Assume I have an very large array of consecutive values representing a stock price over time.
prices = [22,23,25,23,26,25,28,22] # and so on…
When „buying“ the stock at any point in time (at any index in that array), I set a Stop Loss and a Take Profit.
buy_index = 2 # buying at 25
stop_loss = 23 # would sell at 23 or below
take_profit = 28 # would sell at 28 or higher
That just means I set two prices at which I would sell: one above the buy price and one below.
My question is: how can I efficiently figure out which of both prices I hit first?
I tried using numpy with the following steps:
import numpy as np
prices = np.array(prices)
relevant_prices = prices[buy_index:]
stop_loss_index = np.where[relevant_prices < stop_loss][0]
take_profit_index = np.where[relevant_prices < take_profit][0]
…and then comparing the indexes to determine which case came first.
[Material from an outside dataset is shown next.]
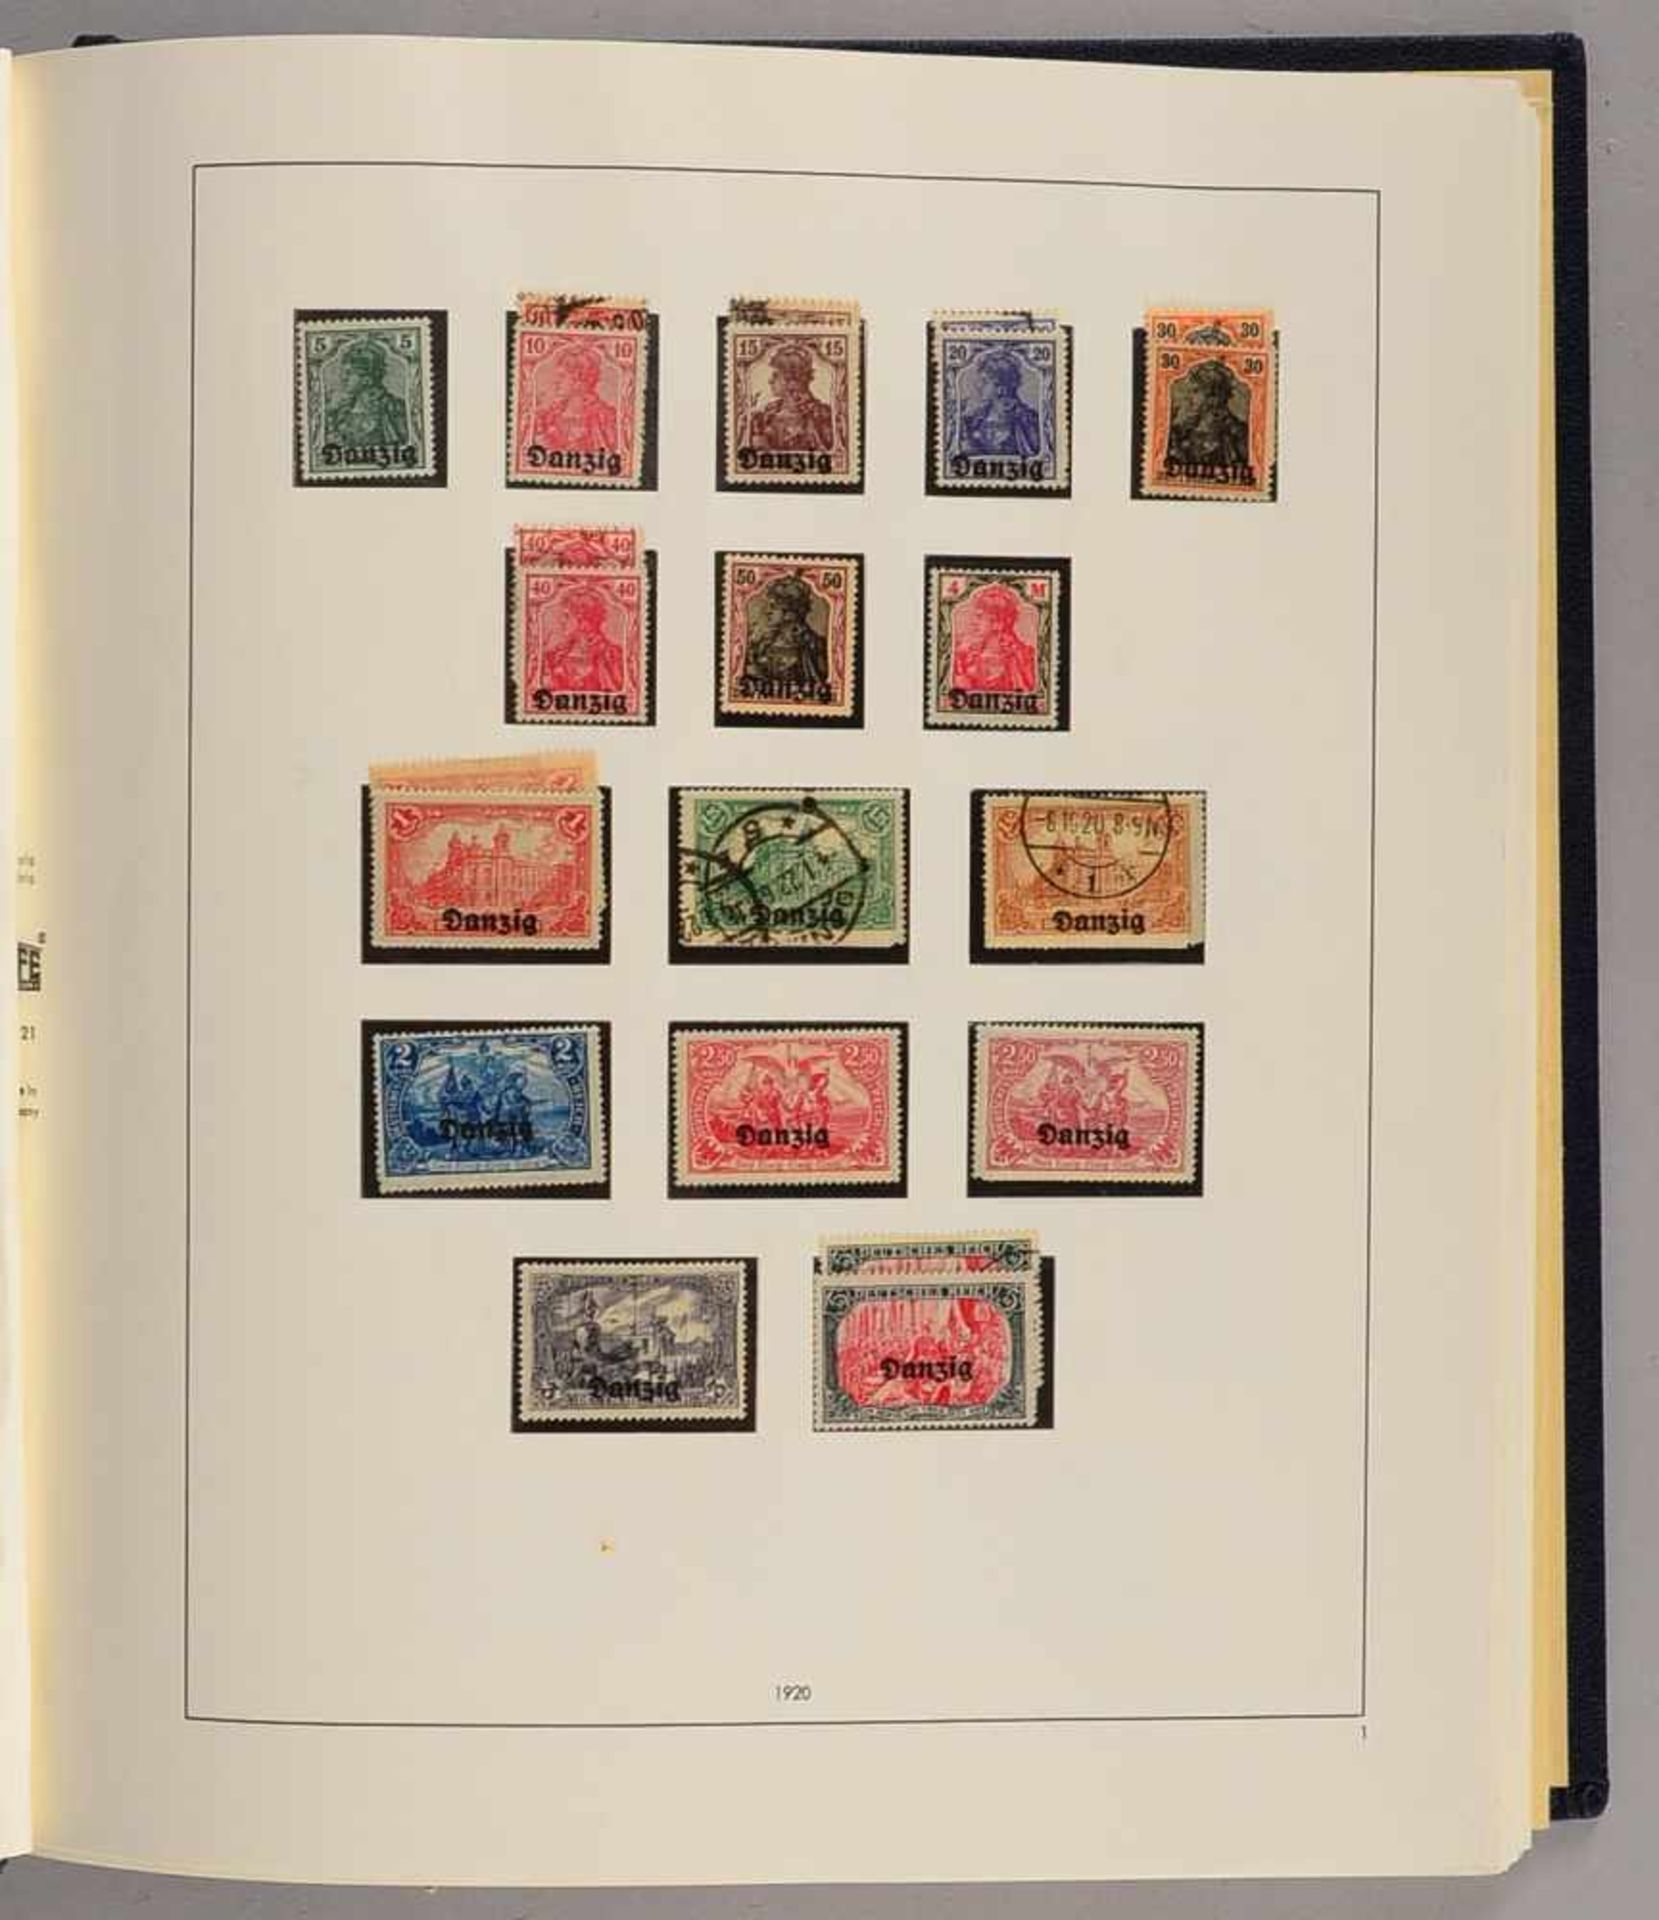 Briefmarken, 1920 - 1939: eine gut ausgebaute Sammlung der gesuchten Gebiete 'Danzig', 'Memel', '

This works, but is extremely slow when done millions of times.
I realize that my code is going through the whole dataset every time it determines an index - there has to be a better way to do this.
Use np.argmax
Since for boolean conditions argmax does not loop over the entire array i.e. short circuits when it finds a True.
Code
Using argmax:
relevant_prices = prices[buy_index:]
stop_loss_index = np.argmax(relevant_prices <= stop_loss)
take_profit_index = np.argmax(relevant_prices >= take_profit)
…and then comparing the indexes to determine which case came first
Demonstration of argmax short-circuiting on boolean arrays
import timeit
print('Million Point Array of False')
arr = np.full(1000000, False, dtype=bool)
%timeit arr.argmax()
print('\nTrue at beginning of Array of False')
arr[0] = True
%timeit arr.argmax()
Output
Note 52 X speed up in the 2nd case where True is at the beginning
Million Point Array of False
56.9 µs ± 1.57 µs per loop (mean ± std. dev. of 7 runs, 10000 loops each)
True at beginning of Array of False
1.08 µs ± 175 ns per loop (mean ± std. dev. of 7 runs, 1000000 loops each)